Bilindiği gibi evrim teorisi canlılığın ilkel dünyada tesadüfler sonucu oluşan bir hücre ile başladığını öne sürer. Bu hipotezin doğru olup olmadığını ise bize ancak gözlem ve deneyler gösterebilir. Evrimci iddianın destek bulması için, son derece kompleks yapılara sahip olan hücrelerin, cansız maddelerin biraraya gelmesinden ibaret olduğunun gösterilmesi şarttır. Bu noktadan hareketle, bilim adamları, doğada ya da laboratuvarda oluşturdukları suni koşullarda canlılığı tekrar inşa edebilmelidirler. Yaklaşık 150 yıldır evrimciler bu hipotezi doğrulamaya çalışmaktadırlar, ancak, tüm çabaları sonuçsuz kalmış, canlılığın ancak canlılıktan gelebileceği gerçeği ile yüzyüze kalmışlardır. "Canlılık ancak canlılıktan gelebilir" şeklinde özetlenen bu biyolojik kanun, yaratılışın bir kanıtıdır.
Milliyet gazetesinin yeni bir haber gibi verdiği oysa Science dergisinde 6 ay önce yayınlanan araştırma ise, siyanobakteri denen mikro organizmaların nasıl ortaya çıktıkları ile ilgilidir. "Fanerozoik Okyanuslarda Fotosentezin Sebep Olduğu Biyofilm Kalsifikasyonu ve Kalsiyum Yoğunluğu" başlıklı araştırma, Göttingen Üniversitesi'nden Gernot Arp, Andreas Reimer, Joachim Reitner imzalarını taşımaktadır. İlginç olan, Milliyet'in haberinin aksine, bu araştırma sonucunda evrim lehine bir keşif yapılmamış olmasıdır. Araştırma yalnızca siyanobakterilerin nasıl fosilleştiklerini incelemektedir. Araştırmacılar kalsiyum, karbonat ve suda bulunan diğer minerallerle bir bakteri türü arasındaki etkileşimi yorumlamışlardır. Kısacası araştırmacılar, hayatın nasıl başladığını açıklamaya çalışmamışlardır. Bu nedenledir ki, bu araştırmanın evrim teorisini destekleyecek ya da bu teoriye yeni bir yorum kazandıracak bir yönü bulunmamaktadır. Milliyet'in haberine konu olan "Hayat ilk olarak Van Gölünde başladı" iddiası bu nedenle tamamen yanlış bir yorumdan ibarettir.

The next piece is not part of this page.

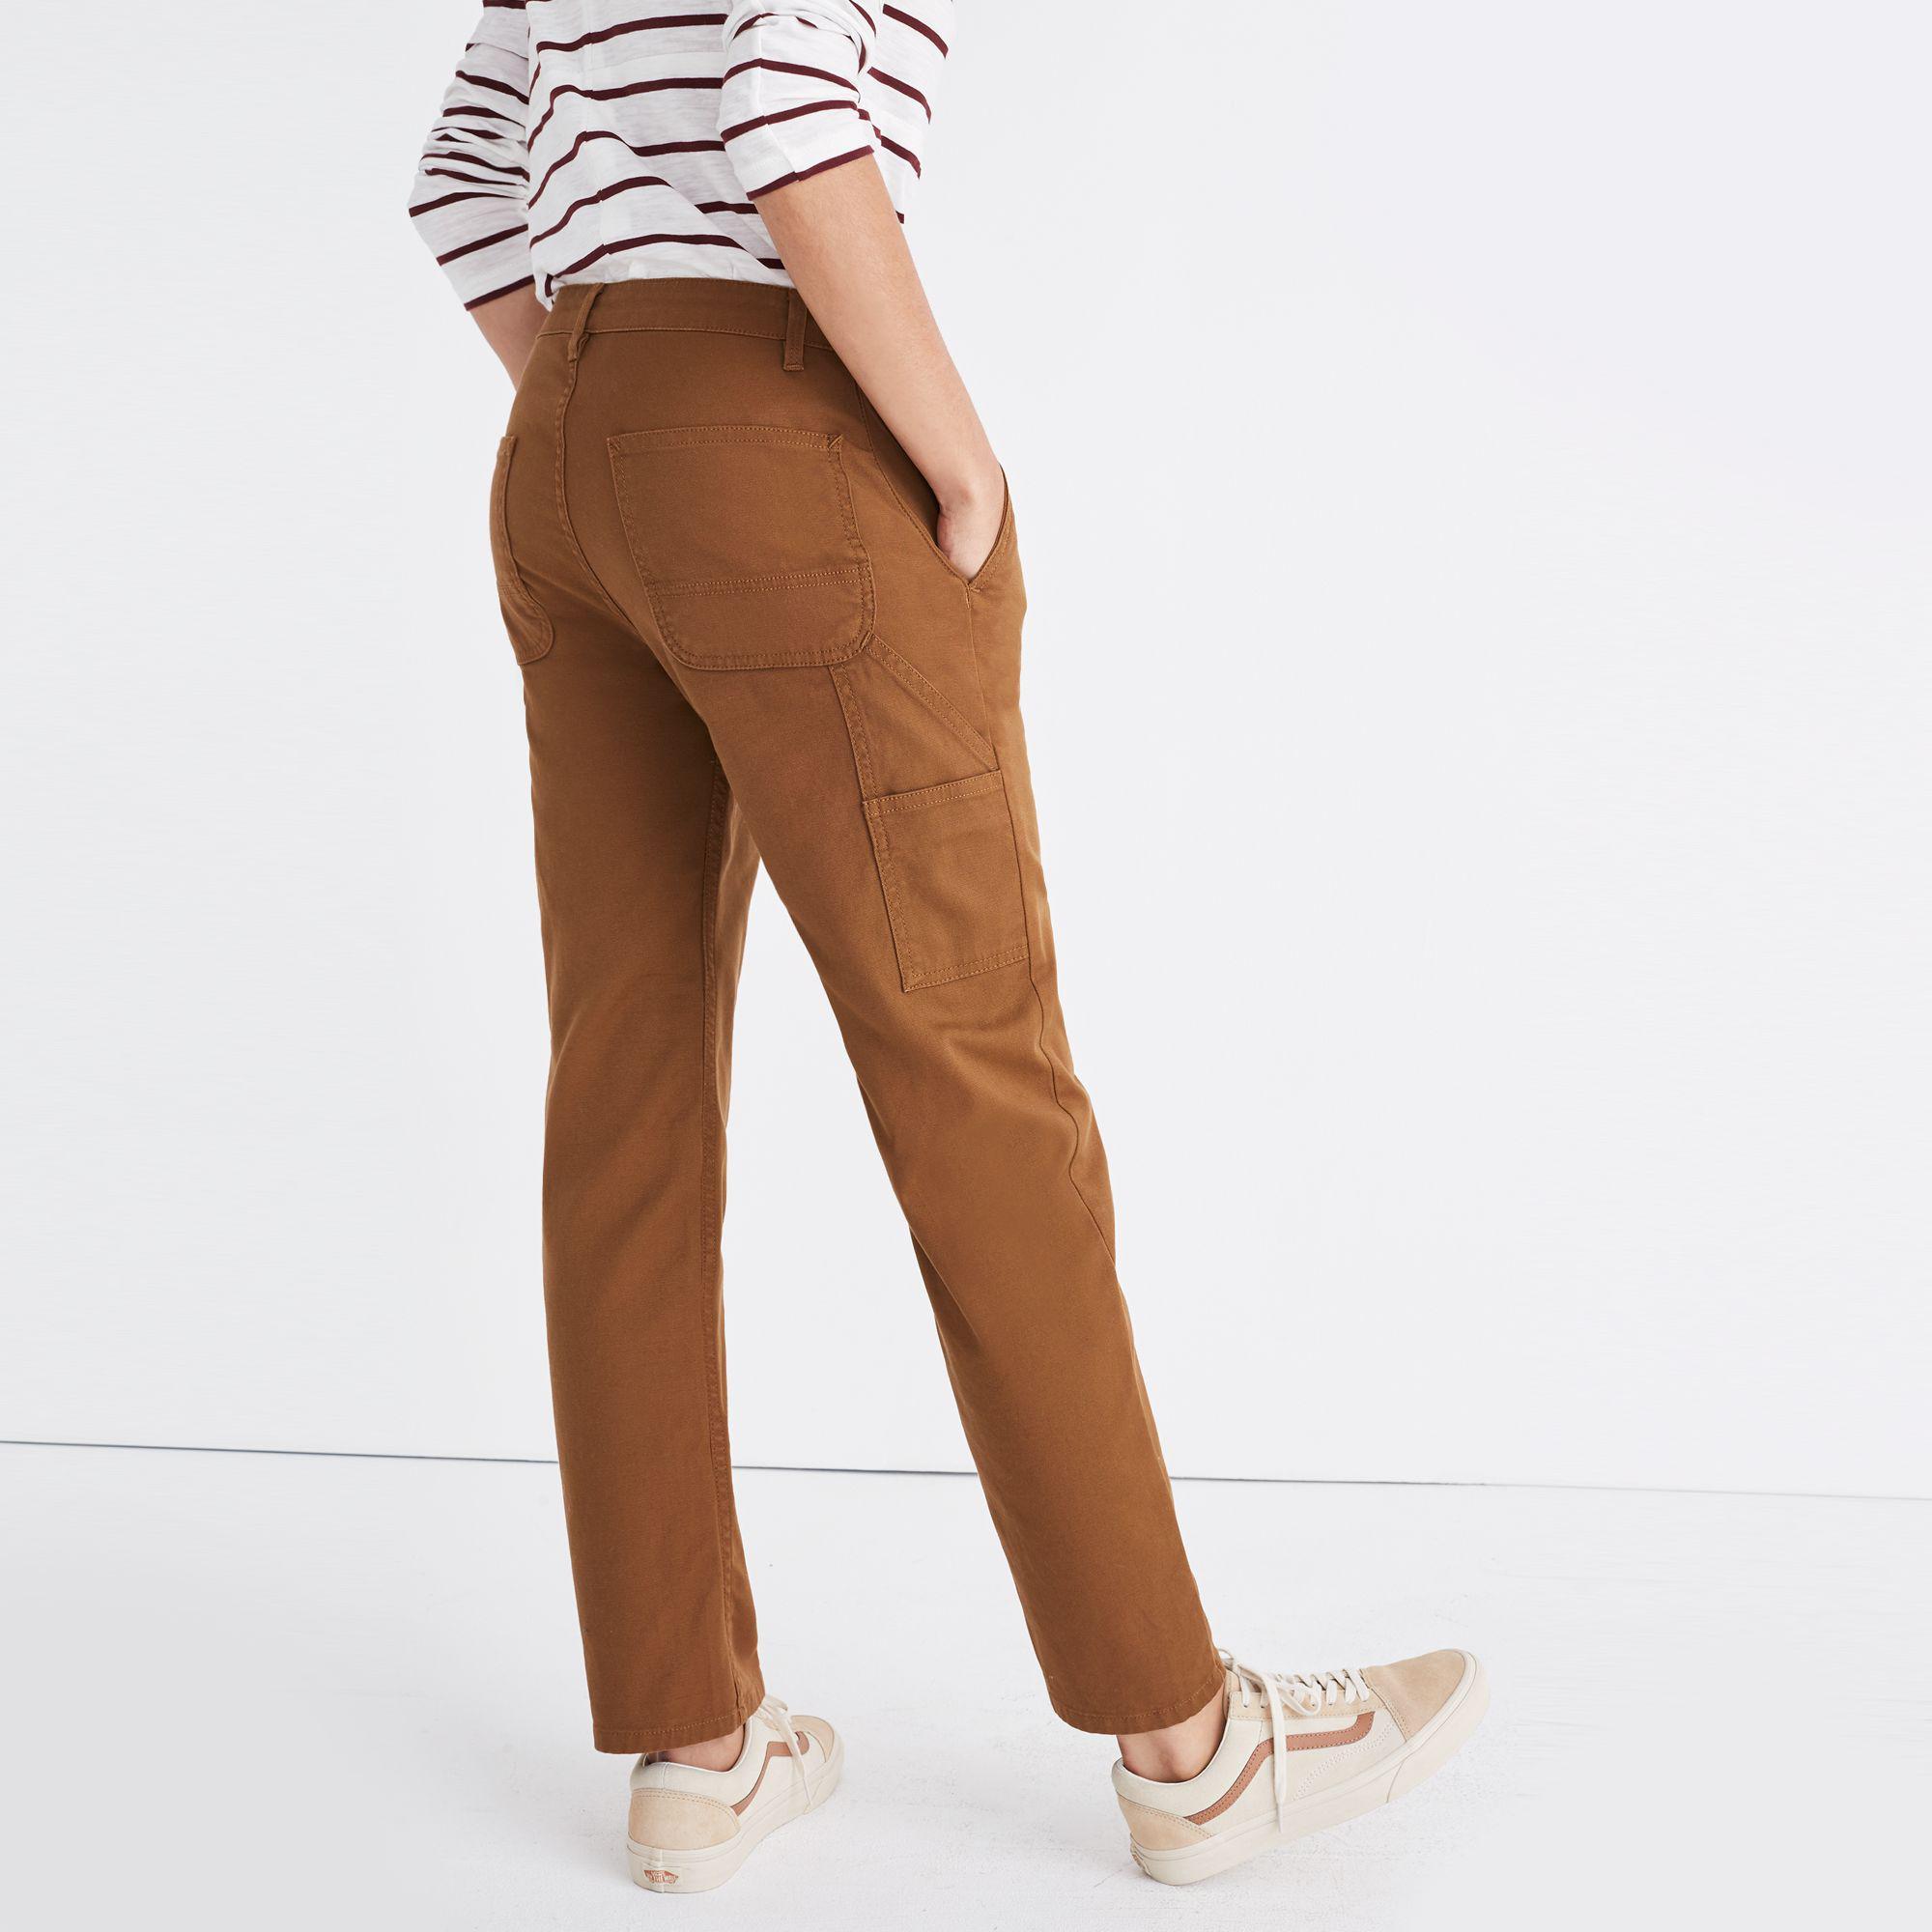 238d831253f2 Lyst - Madewell Carhartt® Work In Progress Pierce Pants in Brown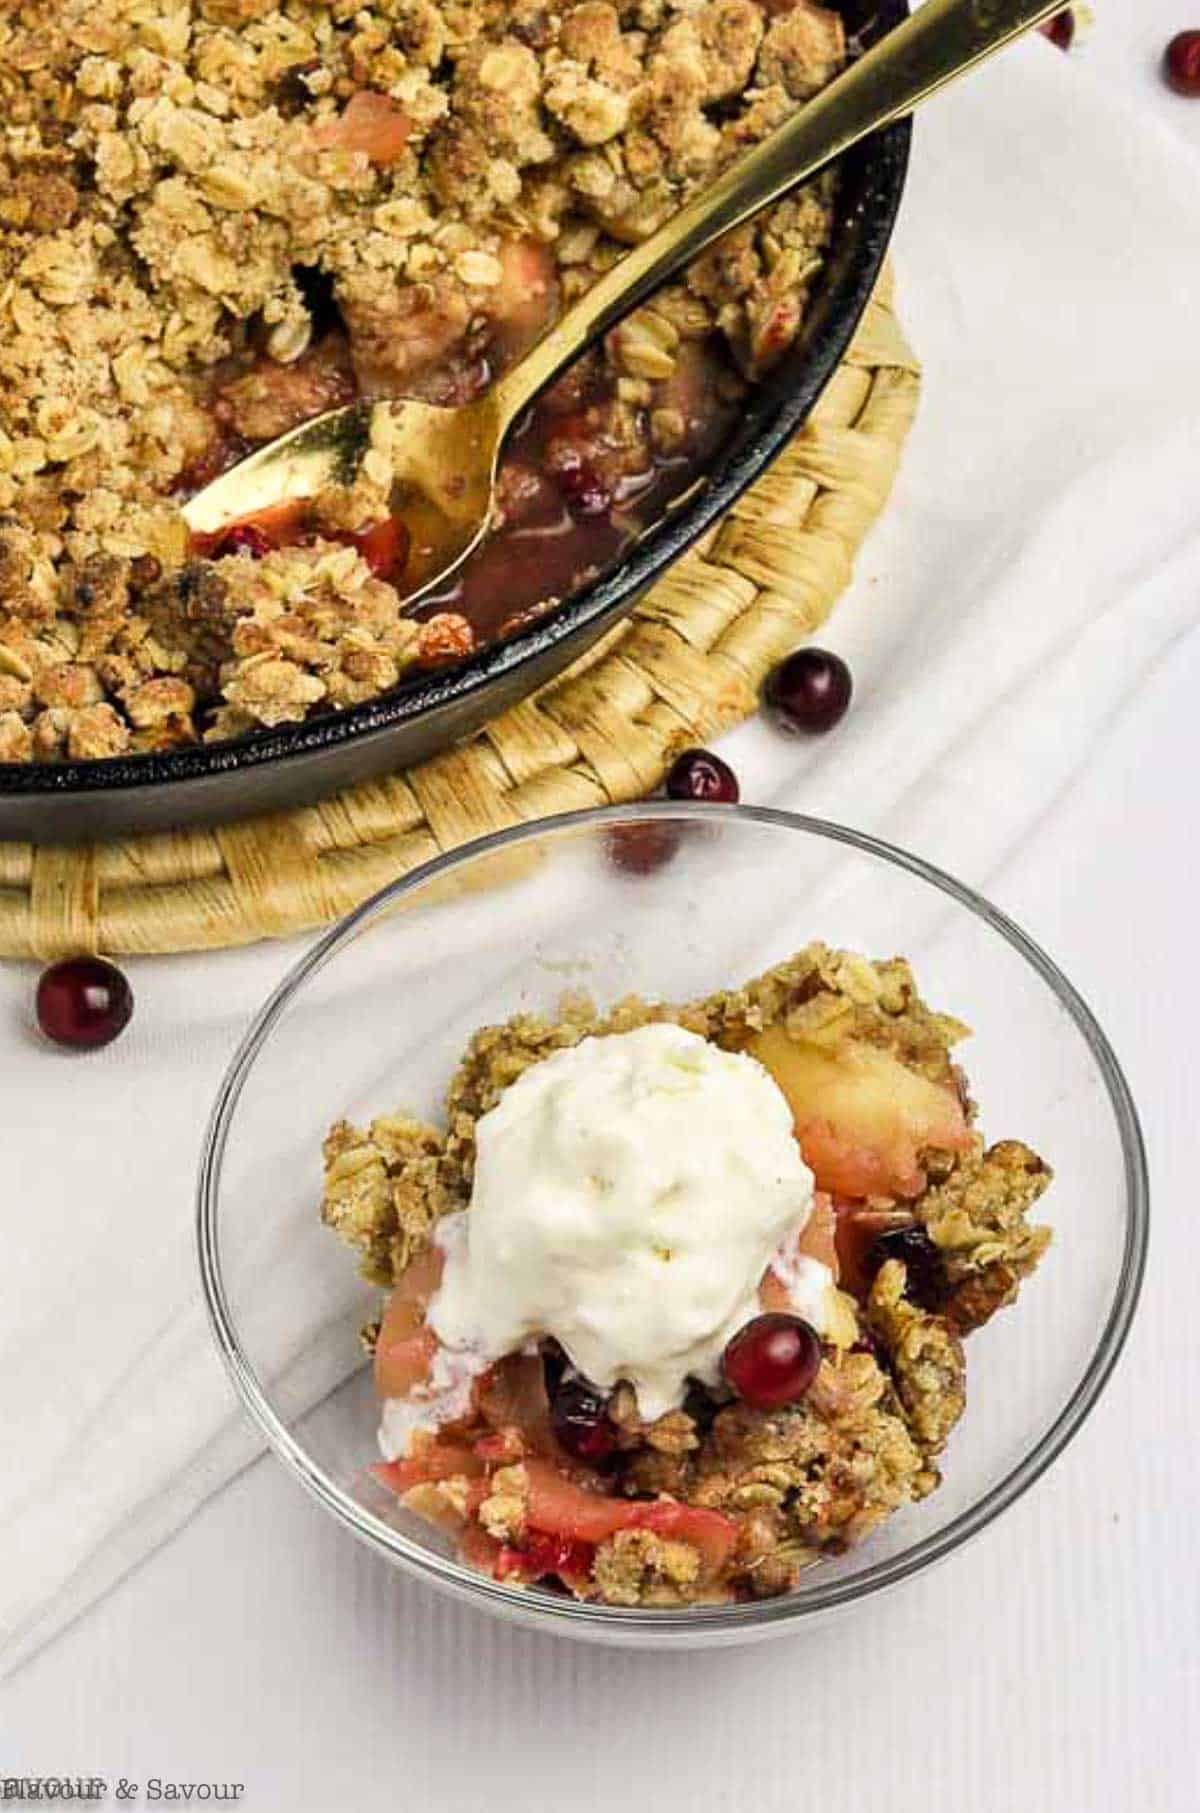 Skillet Cranberry Apple Crisp in a bowl beside a cast iron pan

Milliyet gazetesi, Science dergisinde yayınlanan bir haberi tamamen yanlış bir yorumla okuyucuya sunmuştur. |
Sonuçları Science dergisinde yayınlanan söz konusu araştırma siyanobakterilerin evrimle nasıl meydana gelmiş olabileceğini de açıklamamaktadır. Yazarlar böyle bir çıkarımda da bulunmamışlardır. Buna rağmen gazete haberinde sanki evrime kanıt bulunmuş izlenimi verilmiştir. Bu nedenle haberin gerçek bir yönü bulunmamaktadır.
Öte yandan Milliyet gazetesinin haberinin tam aksine siyanobakterilere ait fosiller yalnızca Van Gölü'nde ortaya çıkmamıştır. Tanzanya'daki Tanganyika Gölü, Endonezya'daki Satonda Gölü, Avustralya'daki Shark Körfezi ve Clifton Gölü'nde de siyanobakterilere ait fosiller bulunmaktadır. Görüldüğü gibi bu fosiller Van Gölü'ne özgü değillerdir. Dahası bu fosiller, evrim teorisi için bir kanıt değil aksine açıklanamayan birer sorundur; çünkü birbirlerinden on binlerce kilometre uzaktaki farklı yerlerde, aynı jeolojik dönemde ortaya çıkmışlardır. Kompleks canlıların tek bir kez ortaya çıkışını açıklamak bile evrimciler için büyük bir açmaz iken, aynı kompleks yapıların dünyanın farklı yerlerinde, aynı dönemde, "tesadüfen" ortaya çıktıklarını iddia etmek daha da büyük bir çelişkidir. Kuşkusuz hayatın birbirinden bağımsız olarak dünyanın farklı yerlerinde aynı anda başlaması, yaratılışın bir kanıtıdır.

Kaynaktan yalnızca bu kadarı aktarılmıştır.